NVIDIA has released a video demonstrating how an ordinary video can be transformed into a smooth and natural slow-motion video through artificial intelligence. The effect is like a slow-motion special effect shown on a movie, where the viewer can clearly see a series of continuous slow motion. So how is this effect achieved? Let’s explore the technical support behind it.
Slow motion, not as simple as you think
I believe we have seen slow-motion effects in various films and TV works, for example, in the just concluded World Cup there are many players scoring, shooting, body contact slow-motion playback, through the VAR frame-by-frame playback, these slow-motion can clearly see what happened in a moment (Figure 1).
Figure 1 VAR frame-by-frame playback in the World Cup
For the slow-motion effect in the movie, it is actually with the help of equipment for high-speed photography, such as shooting speed of 50 fps, 100 fps or even higher, and then in playback still choose 24 fps regular speed playback, which is equivalent to the actual 1 second shooting images with more than 2 seconds to 4 seconds playback, so as to achieve the slow-motion effect.
Of course, for ordinary users, we do not have high-speed photography equipment, so how to achieve the slow-motion effect? NVIDIA recently launched cuDNN accelerated PyTorch deep learning framework to achieve any video slow motion, through this artificial intelligence framework, combined with NVIDIA Tesla V100 GPU powerful processing power, it can stretch any video, so as to achieve similar to the slow motion in the movie special effects (Figure 2).
Figure 2 NVIDIA demonstrates the moment a tennis racket strikes colored ink
Behind the video elongation – artificial intelligence slow motion technology
Through the above introduction we know that the conventional slow motion is achieved by playing the video of high-speed photography at a low speed. So for ordinary video (already low-speed photography finished), how does NVIDIA achieve the slow-motion effect?
The core of slow motion is to stretch the original video to achieve the slow speed effect, but if the ordinary video is played directly using the low speed effect, the actual effect will become stuttering, the action between the frames become incoherent. Therefore, the ordinary video will be stretched to achieve a smooth slow-motion effect, which requires the positioning of the video object and the complementary frames.
For example, if a video of a car drifting, if we want to realize the slow-motion demonstration of drifting, we need to locate the car in the video first, only after the accurate positioning of the car, such as the precise location of the car drifting every second, so that we can show the whole subsequent drifting action of the car (Figure 3).
Figure 3 Drifting car
After the positioning of the displayed object is achieved, we also need to frame the video because it is a slow-motion effect. Since the original video was shot at low speed, now the video is stretched, so that the stretched video does not lag (drop frames), it is necessary to make a precise frame fill to make the video play very smoothly even after it is stretched (Figure 4).
Figure 4 NVIDIA shows slow-motion video of a dancer dancing
In this way, NVIDIA’s artificial intelligence framework technology enables slow motion of any video through video positioning and frame filling. So how is this effect achieved?
NVIDIA’s technology is made possible by NVIDIA Tesla V100 GPU’s powerful video processing power + AI learning framework. After NVIDIA has built the AI learning framework, about 11,000 video clips prepared in advance are used as data sources for the AI to learn, so that it can learn positioning and frame filling from these video clips. For example, in the above dancing video, the AI technology can locate the dancer in the video and can learn each frame of the dancer’s action to know what state the character is displayed in the next frame. In this way, through certain algorithms and learning models, and through the deep learning and self-learning of AI, this AI framework can perform the same positioning and decomposition for other videos, thus realizing the slow motion of ordinary videos through perfect positioning and frame-completion techniques (Figure 5).
Figure 5 NVIDIA shows a person jumping from a height to crush a balloon instantly in slow motion
Of course it’s not just video slow motion, with new training methods that allow the AI to generate new images from existing images, or even new portraits using different people. For example, similar to the face-swapping effects in the film.
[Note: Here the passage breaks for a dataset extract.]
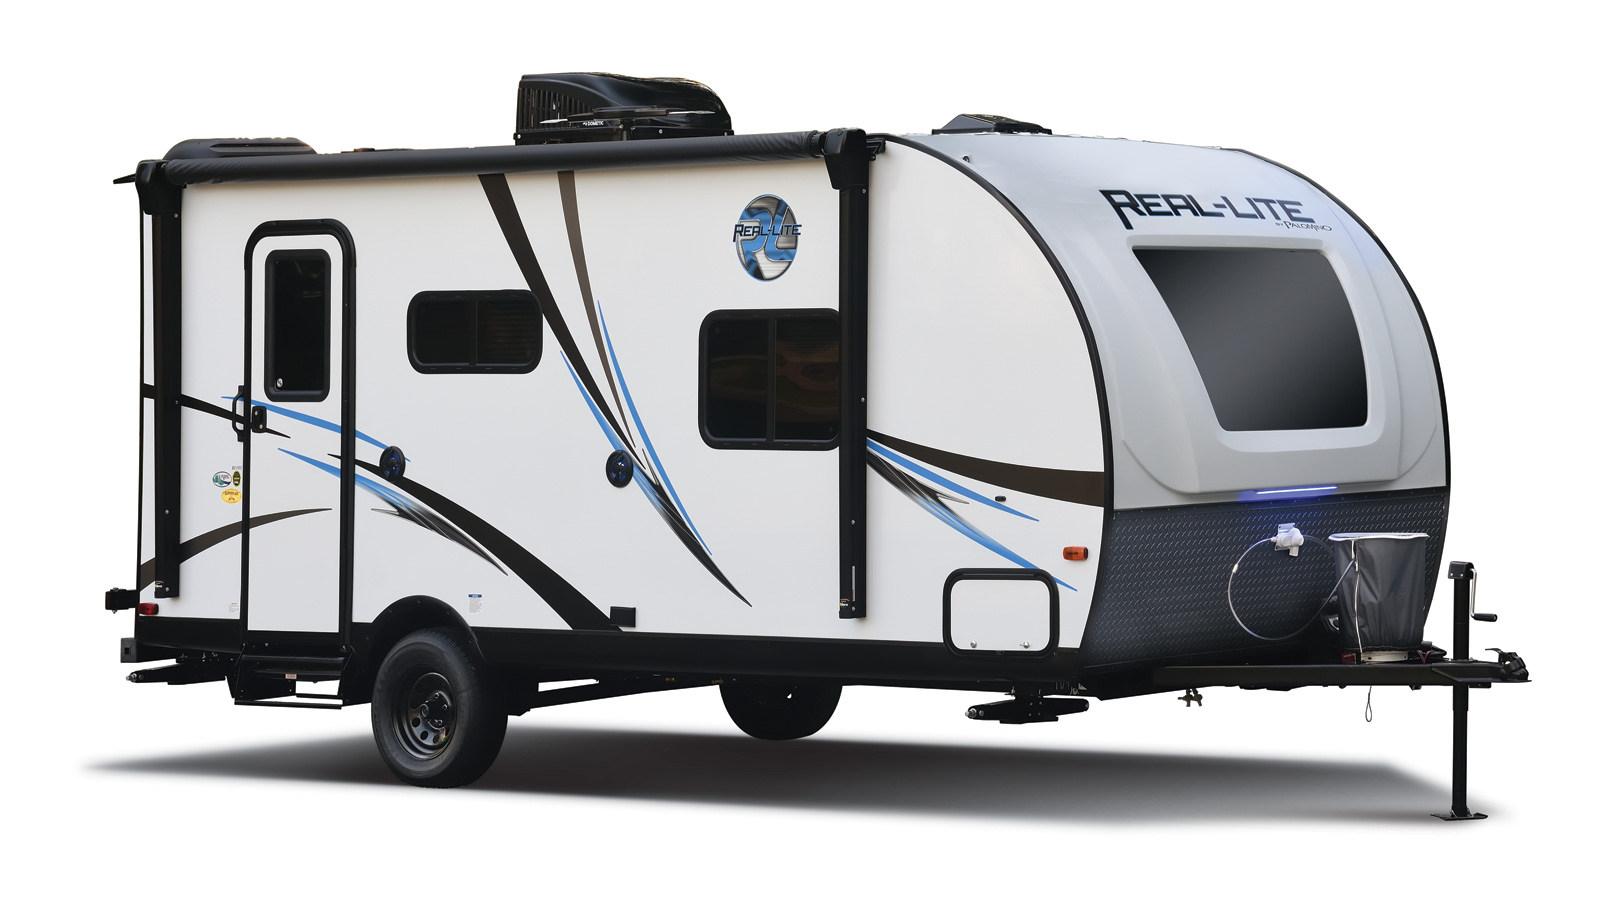 REAL-LITE TRAVEL TRAILERS

NVIDIA’s AI framework can accurately achieve the effect of seamlessly switching characters from one face to another (Figure 6).
Figure 6 NVIDIA show face changing effects
Slow motion, bring us more fun in life
Through the above demonstration, we have seen the powerful capabilities of NVIDIA AI framework in video processing. The emergence of this technology can bring a lot of fun to our life.
With the popularity of cell phones, we use them to shoot short videos, and for those fleeting images, we always want to see the whole process clearly. For example, the mother who likes to dance square dance, for teammates, the coach’s fast dance rhythm is always not clear to see the whole action, now just use the phone to shoot, and then with the help of Nvidia this technology transformation, dancers and then fast action can be slowed down, so that the mother carefully look at each dance action.
For example, NVIDIA’s face-changing technology allows us to make more funny videos on the phone, such as turning your roommate into a cute cat, and then share it with your friends through WeChat and friends. Of course these technologies can also make our video processing easier, such as editing piano teacher playing piano action, easy for us to learn fingering, editing player shooting video, let us slowly enjoy shooting fun!